110 ?- Max = 100 000, garbage_collect, numlist(1, Max, L), time(forall(between(1,Max,I), nth1(I, L, _))).
% 399,999 inferences, 8.992 CPU in 8.992 seconds (100% CPU, 44486 Lips)
Max = 100000,
L = [1, 2, 3, 4, 5, 6, 7, 8, 9|...].

111 ?- Max = 100 000, garbage_collect, numlist(1, Max, L), time(forall(between(1,Max,I), nth1_elem(I, L, _))).
% 5,000,349,999 inferences, 246.156 CPU in 246.166 seconds (100% CPU, 20313731 Lips)
Max = 100000,
L = [1, 2, 3, 4, 5, 6, 7, 8, 9|...].

Ah, I didn’t recompile.

Very nice - can’t argue/compete with that performance

So, for deterministic code, might we expect a 10-30x performance speed-up with a compiler (like Aquarius) that translates to C?
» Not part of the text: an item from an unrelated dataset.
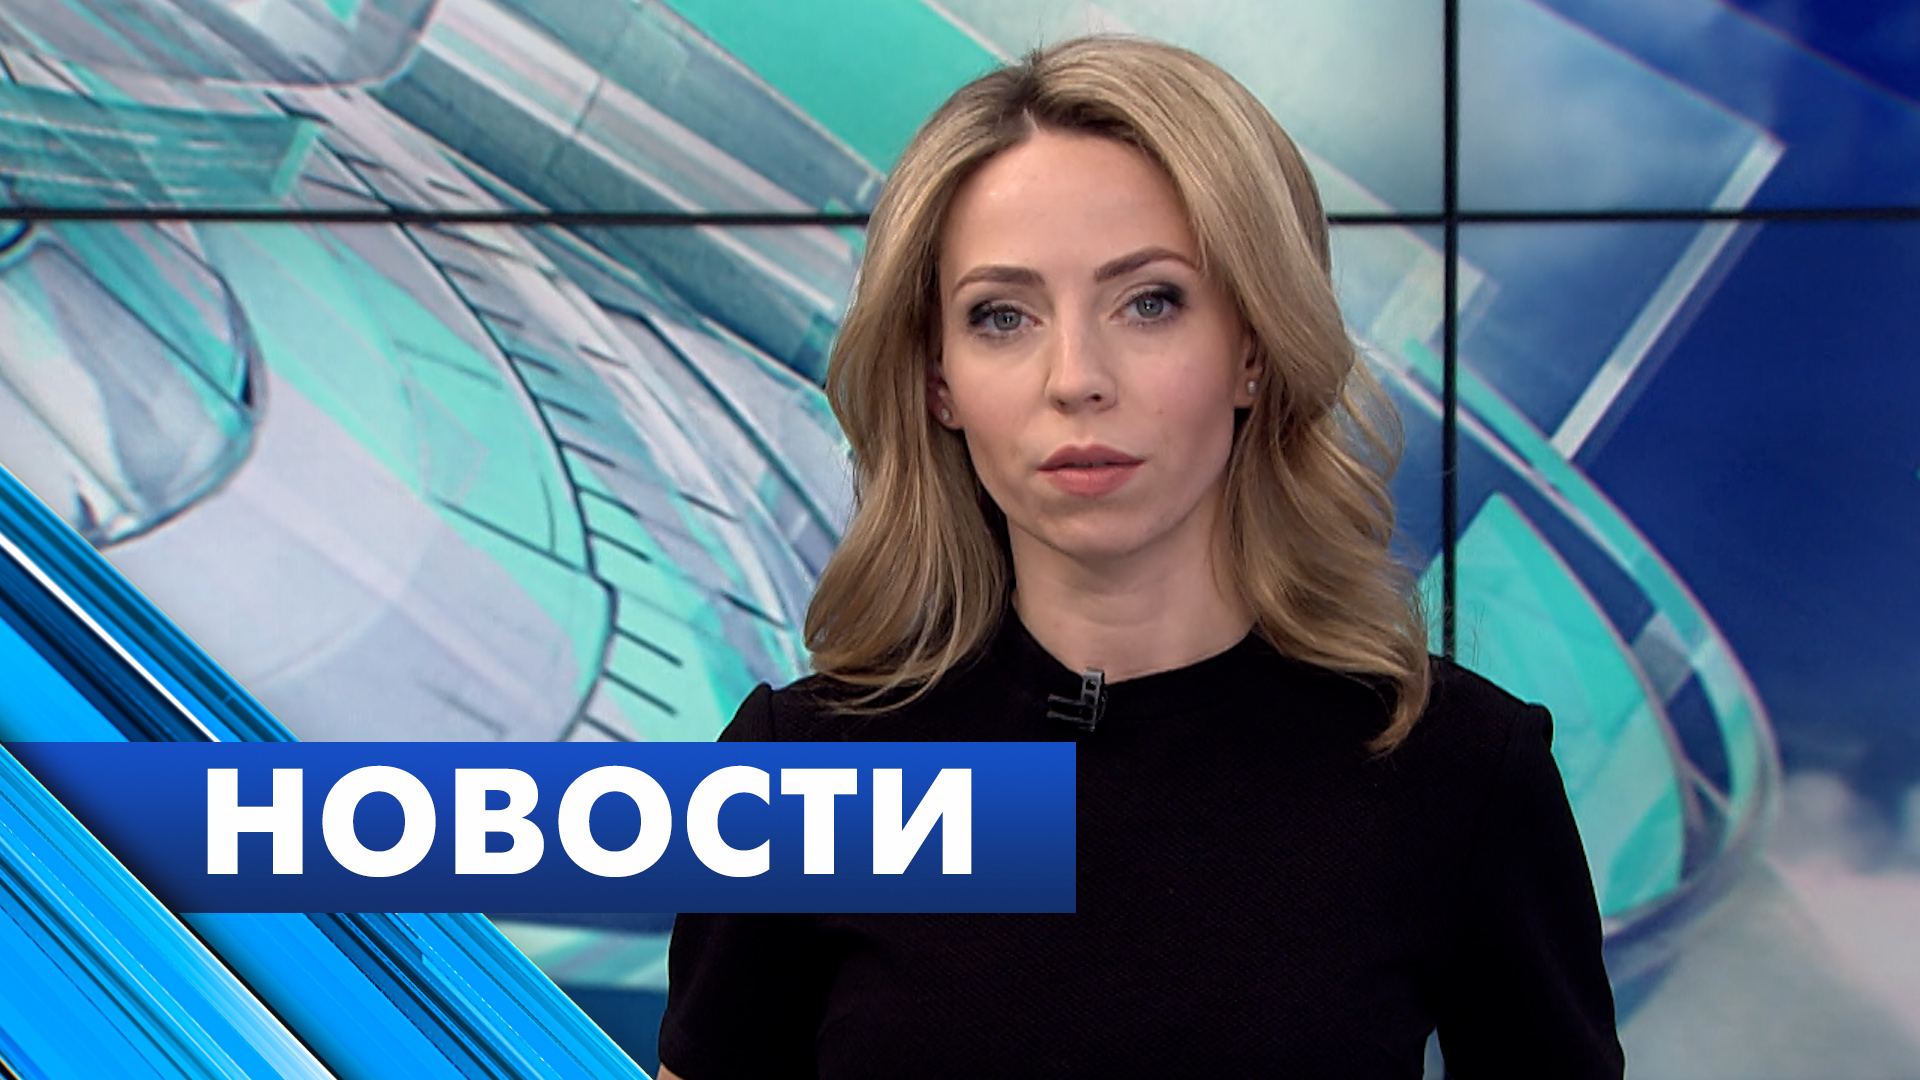 Главные новости Петербурга / 1 апреля
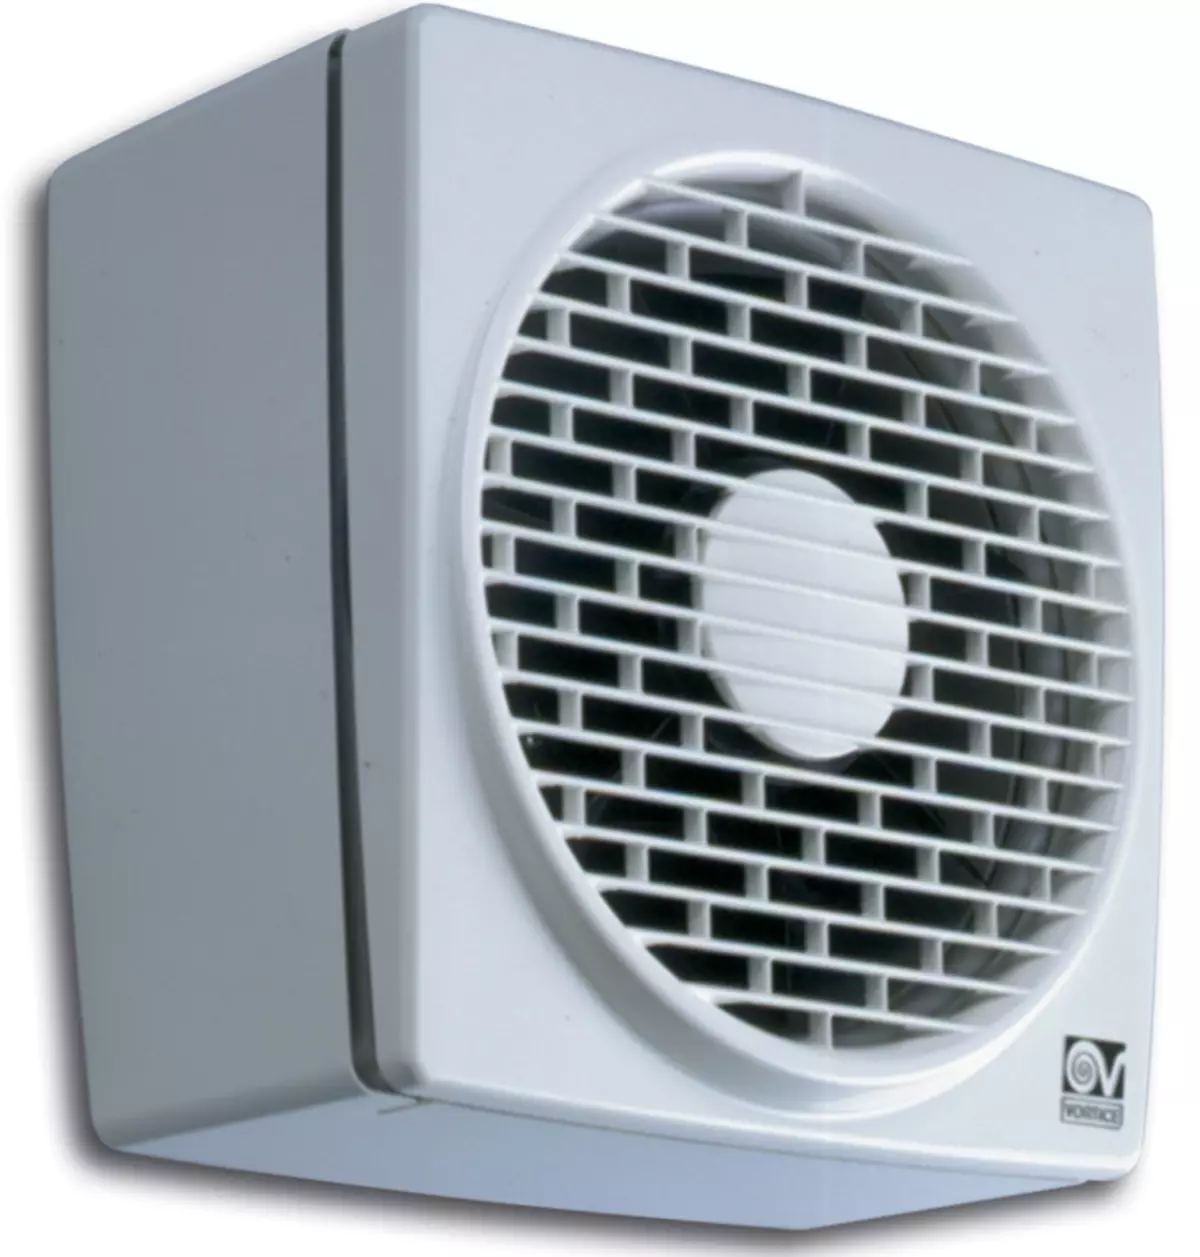 Ventilator u toalet: ispušni ventilator s provjerom ventila i tihi stropni ventilatori za kupaonice, ostale opcije. Što je bolje odabrati model? 10469_21

For some operations, probably yes. ‘$skip_list’/4 only does the simple stuff, following the linked list cells to skip N cells of the list or until it hits the end (which may be a variable if the list is partial). So, if we do nth1(20, [1,2,3,4|T], E), the ‘$skip_list’/4 will skip the 4 known elements and says it stopped 16 short. Now we know the other part and we know we need to create a partial list with 15 variables followed by E.

If you want to do this as fast as possible at the low level, you first do this skipping because it does not change any data structures and thus can never cause stack shifts or GC calls (and thus we can use raw pointers rather than indirect pointers known to GC). For the second step we now use Prolog, but as we know exactly which data structure to build. the fastest would be to make sure there is enough stack space for the target partial list and then build it using (again) raw pointers. That is used by e.g. findall/3 to quickly create the output list: while collecting the results it computes the required stack space to represent the output list, so it can do all the work using raw pointers without caring about stack shifts/GC and without checking available memory.

The other benefit of computing the size is that we can claim out-of-stack if the output list exceeds the stack. This is done in two steps. First we compare the accumulated size to the free space. If that is exceeded we call GC and compare again against the (hopefully larger) free space.

Finally, we know we are counting lists lengths, so a counter of size size_t can not overflow as such a list does not fit in the address space.

So, yes and no. You can gain a lot, but not merely by translating what Prolog would do. In addition we need to reason about shift/GC and integer sizes.